An anonymous correspondent to the Gentleman’s Magazine on July 20 1790 wrote:
It cannot be too much recommended to the world not to be in a hurry to bury their friends and relations. We find that by the assiduities of the Humane Society many persons, apparently dead, have been restored to life…
In short, Mr Urban, it is greatly to be feared that many unfortunate people have actually been buried alive. No man, of the least humanity, can think of such a thing without the utmost horror. I have heard lately of such an unhappy and miserable circumstance.”
Unfortunately (or, rather, fortunately) he doesn’t go on to relate the tale, but calls for legislation to ensure that bodies would not be buried until they showed visible signs of decomposition. A remedy that promised to allay such fears was onto a winner.
After Sibly’s death in 1799 or 1800, his successor, J R Saffell, did not assign the tincture any outright life-restoring properties, saying only that it had “restored multitudes, who were on the verge of the grave, to health.” The medicine was still on sale in the 1870s.
.
Image of Ebenezer Sibly courtesy of Wellcome Images.
This is really interesting and highlights the degree to which superstition and folklore combined in early modern medicine. I was looking at some stuff on astrology and medicine earlier. Given the mortality rate and lack of decent doctors, it’s not surprising so many people might turn to a tonic of this kind. It would perhaps have been preferable to some of the more outlandish remedies which were floating around.

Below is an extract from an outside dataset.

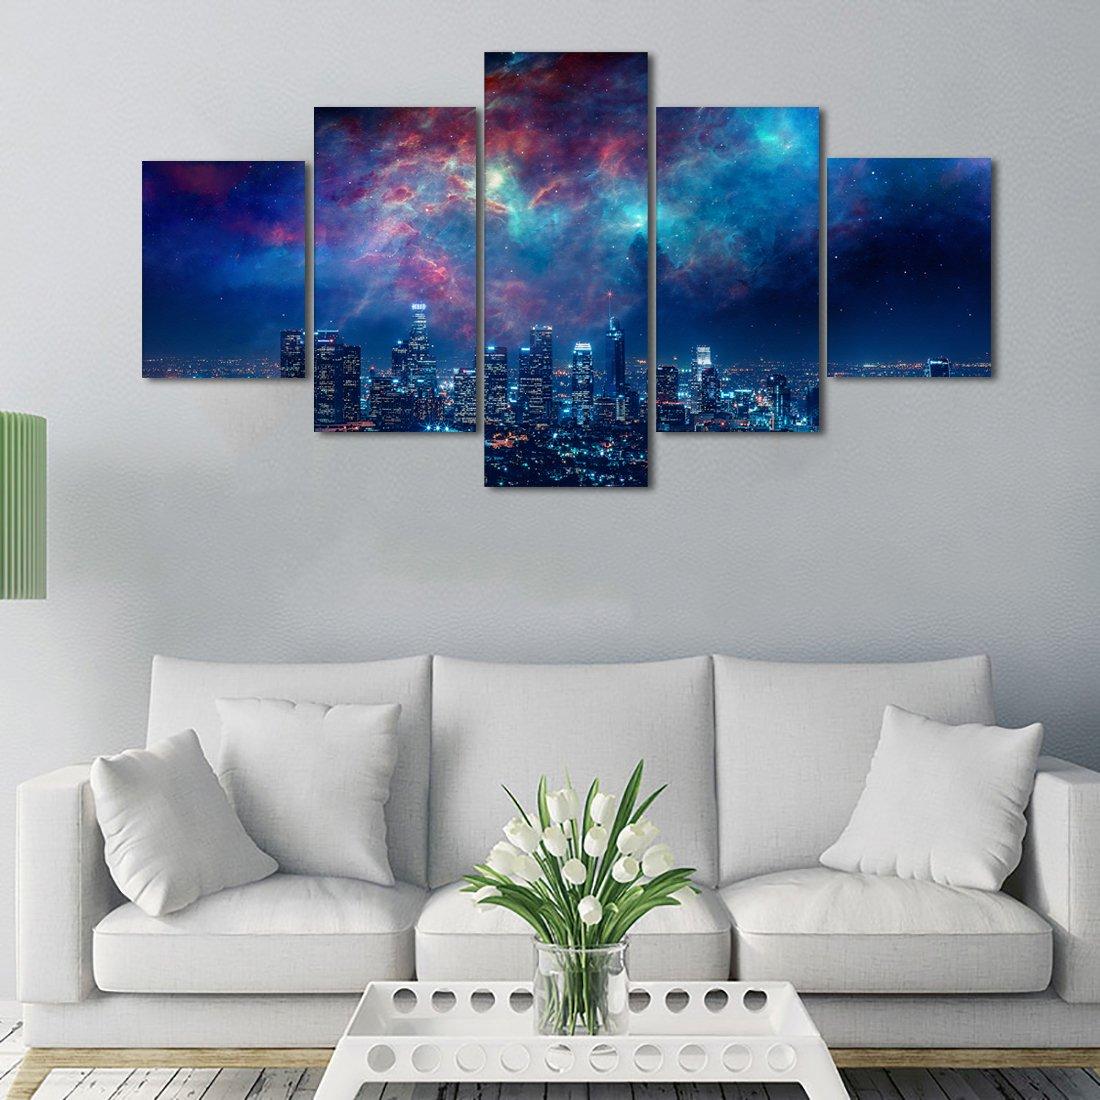 Amazon Com Beautiful Wall Art Painting On Canvas City Night Starry
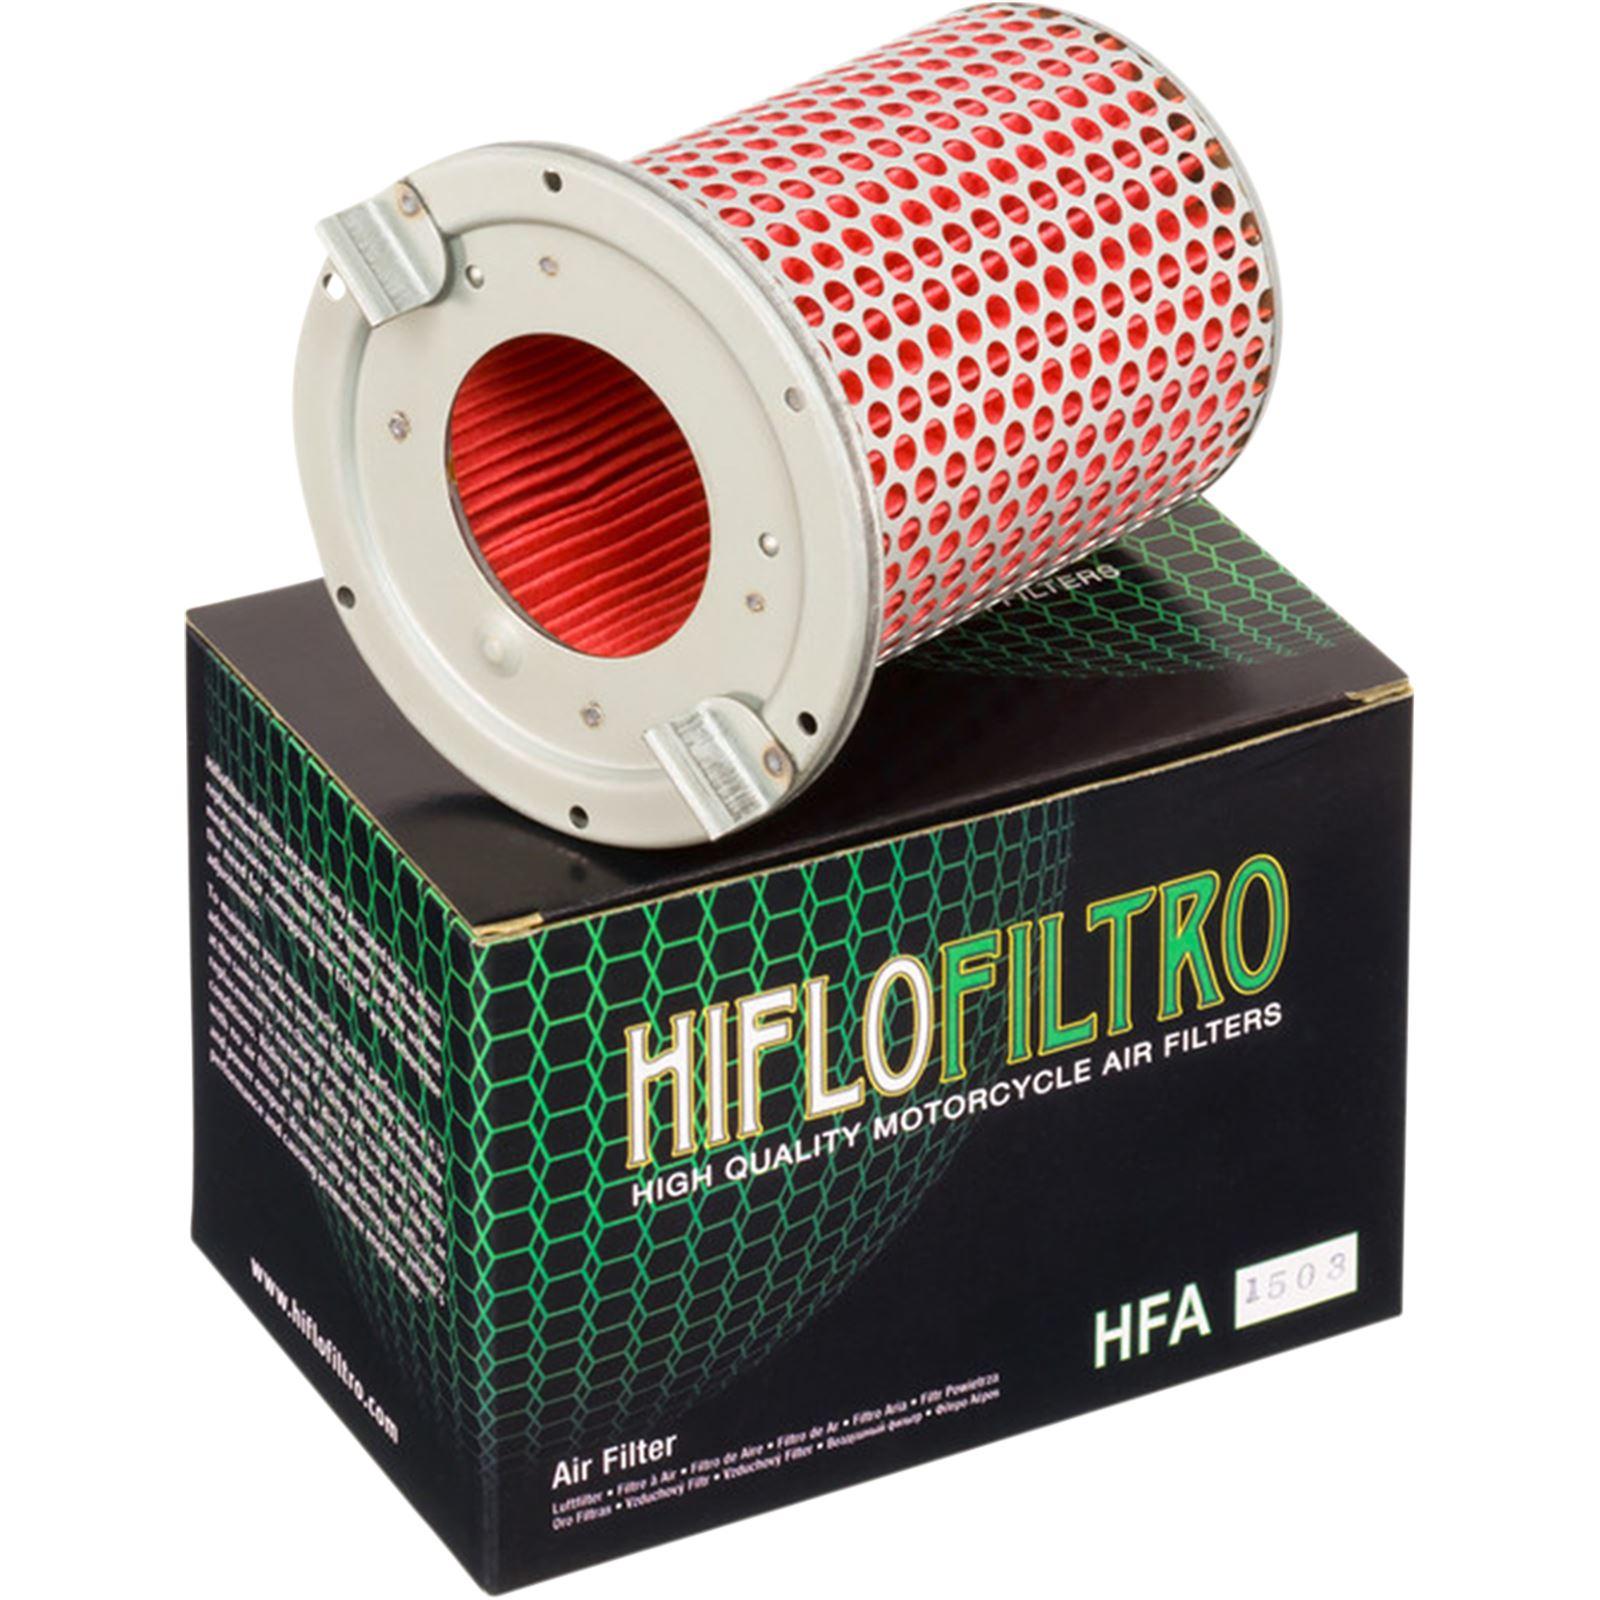 Hiflofiltro Air Filter

I think it’s very true that people were often better off taking a completely ineffective nostrum than they were submitting to the more aggressive treatments of orthodox medicine – hence the rise of homeopathy and its apparent efficacy. Doing nothing at all could have a better result than being treated.
Sibly certainly doesn’t appear to have seen any contradiction between science and astrology, and from what I’ve read of him he had a genuine belief in his own remedies, unlike some of the charlatans who were out to con people.